Through such processes Early Glycation Products (Schiff Bases–SB and Amadori Products) and Advanced Glycation/Glycoxidation End Products (AGEs) are respectively formed by reversible and irreversible steps. A very detailed understanding of the mechanism of early glycation of key proteins such as human serum albumin (HSA) may lead to the identification of new molecular targets for early diagnosing diabetic patients and contribute to the rational design of specific drugs to inhibit/reverse glycation and its deleterious effects in the organism.
The first 3D structure of HSA glycated by glucose obtained by X-Ray diffraction was reported in 2013, showing Lys195 modified into a SB (hereto HSA-SBK195) [3]. From the structural evidence the authors proposed a mechanism for glucopyranose opening in HSA involving assistance by a Lys199 neighbouring residue and assigning a crucial role to the hydrogen-bond (HB) network established within the Sudlow Site I of the protein, where Lys195/Lys199 are placed [3].

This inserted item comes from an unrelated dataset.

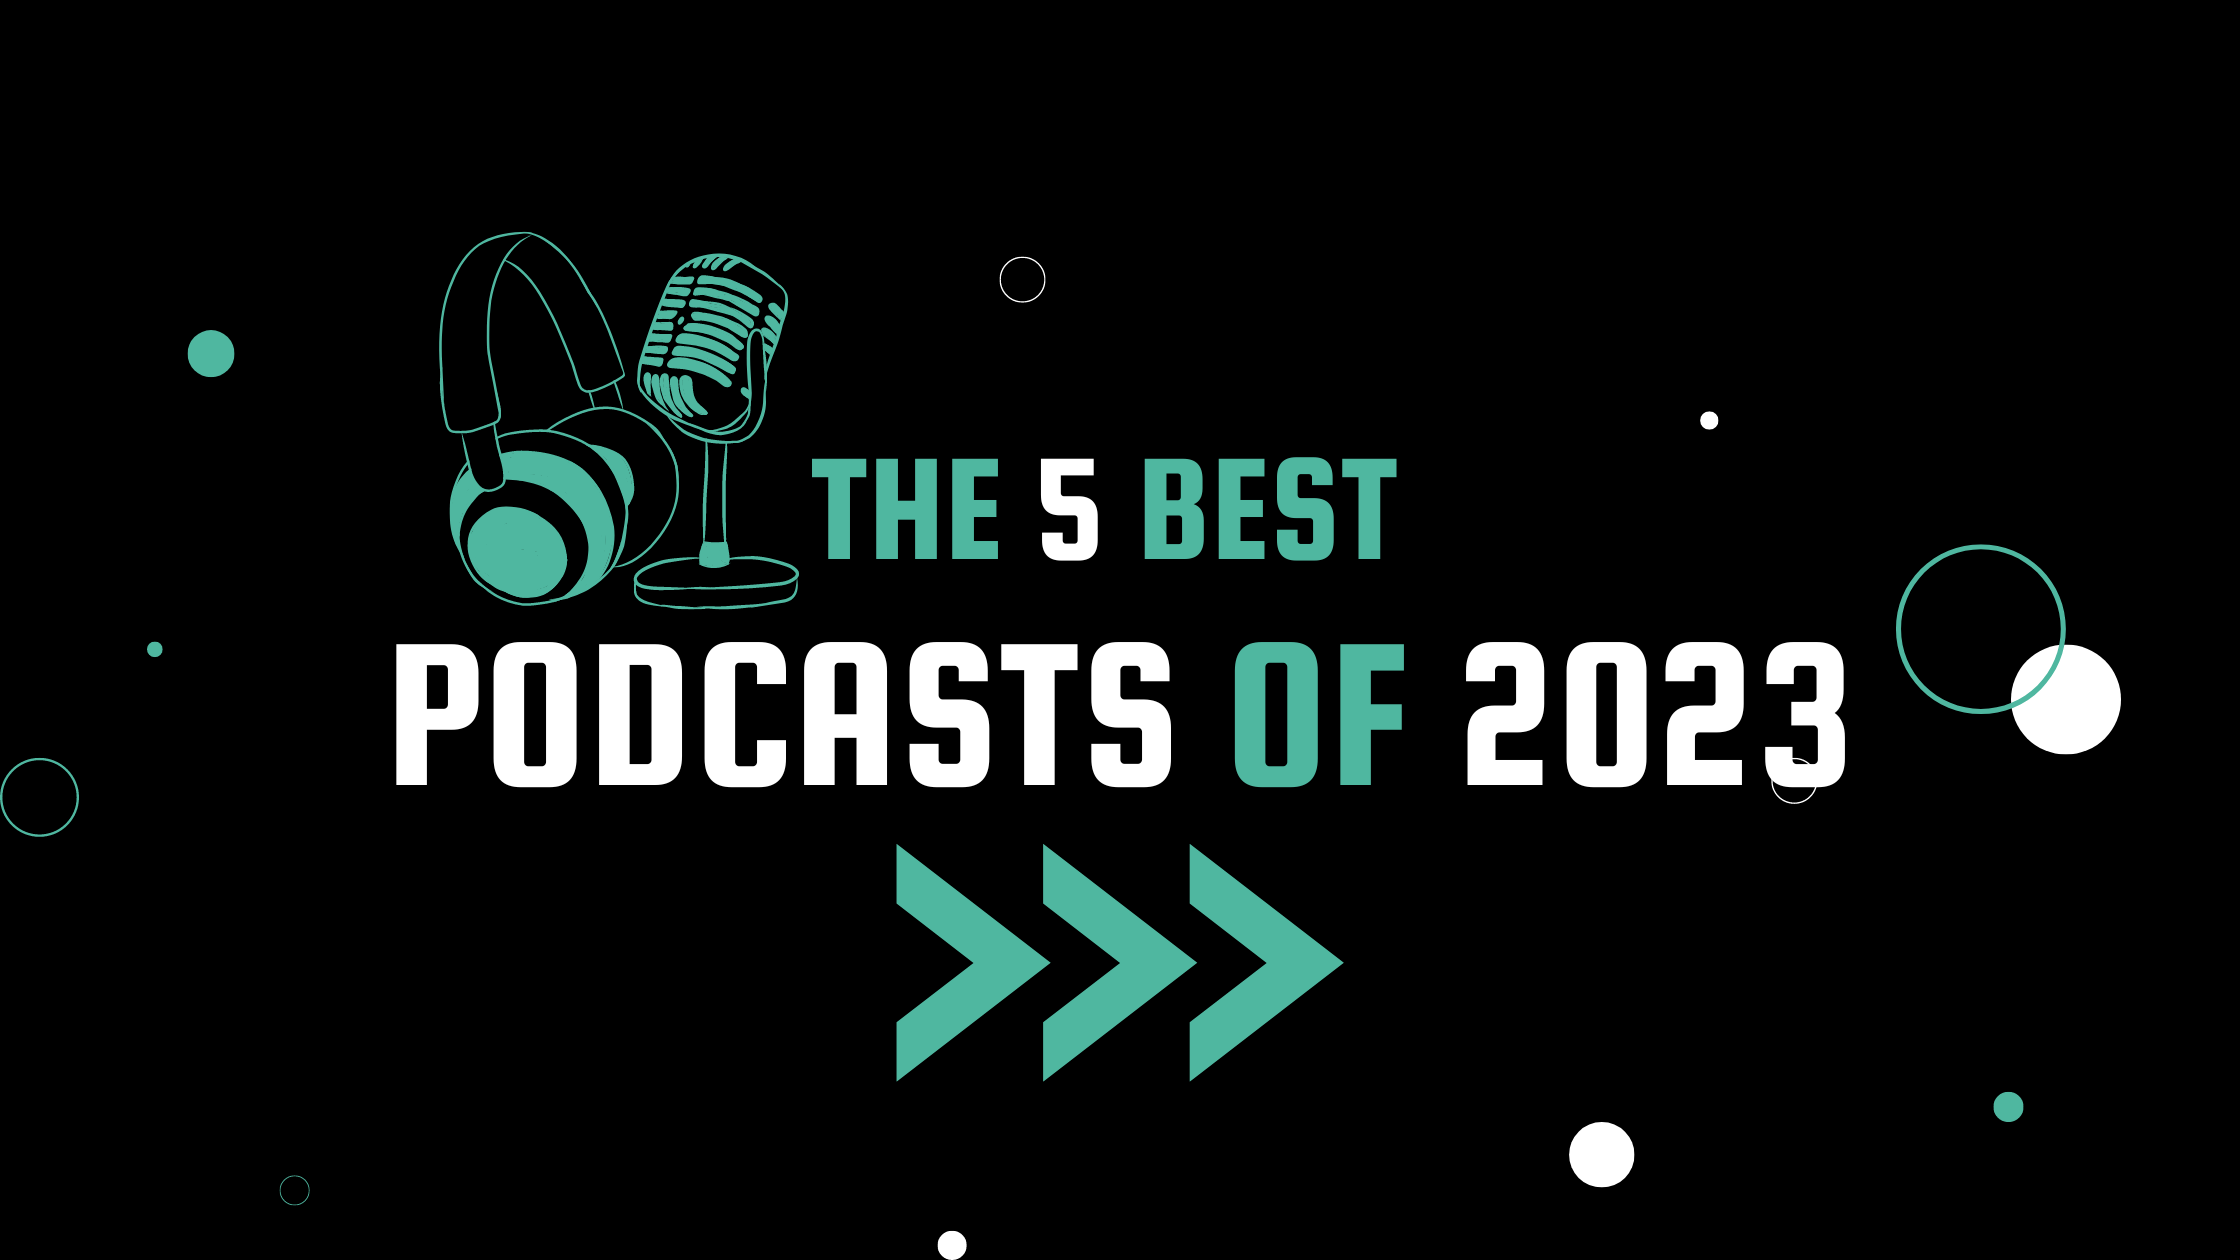 The 5 best Podcasts of 2023 That Will Keep You Listening

Different computational strategies and models were applied by us to gather further evidence to support/reject the mechanism of glucopyranose ring-opening proposed by Wang et al. [3], also examining the subsequent formation of HSA-SBK195. Our work included the use of reduced models of the real system in aqueous solution, described at a quantum mechanics level with DFT/PCM methods. Molecular dynamics
simulations were also performed under quasi-physiological conditions on both native/glycated HSA structures and for predicting the structure of HSA:Glucose initial complexes. Reactivity of both Lys residues was assessed at the ONIOM(DFT:AMBER) level. A comparative analysis on the nature and strength of the HB network at the glycation site was done using Wiberg bond indices from a Weinhold NBO analysis.


[1] Kisugi R, Kouzuma T, Yamamoto T, et al. Structural and glycation site changes of albumin in diabetic patient with very high glycated albumin. Clinica Chim Acta 2007, 382: 59-64.
[2] Furusyo N, Hayashi J. Glycated albumin and diabetes mellitus. Biochim Biophys Acta 2013, 1830: 5509-5514.
[3] Wang Y, Yu H, Shi X, et al. Structural mechanism of ring opening reaction of glucose by human serum albumin. J Biol Chem 2013, 288: 15980-15987.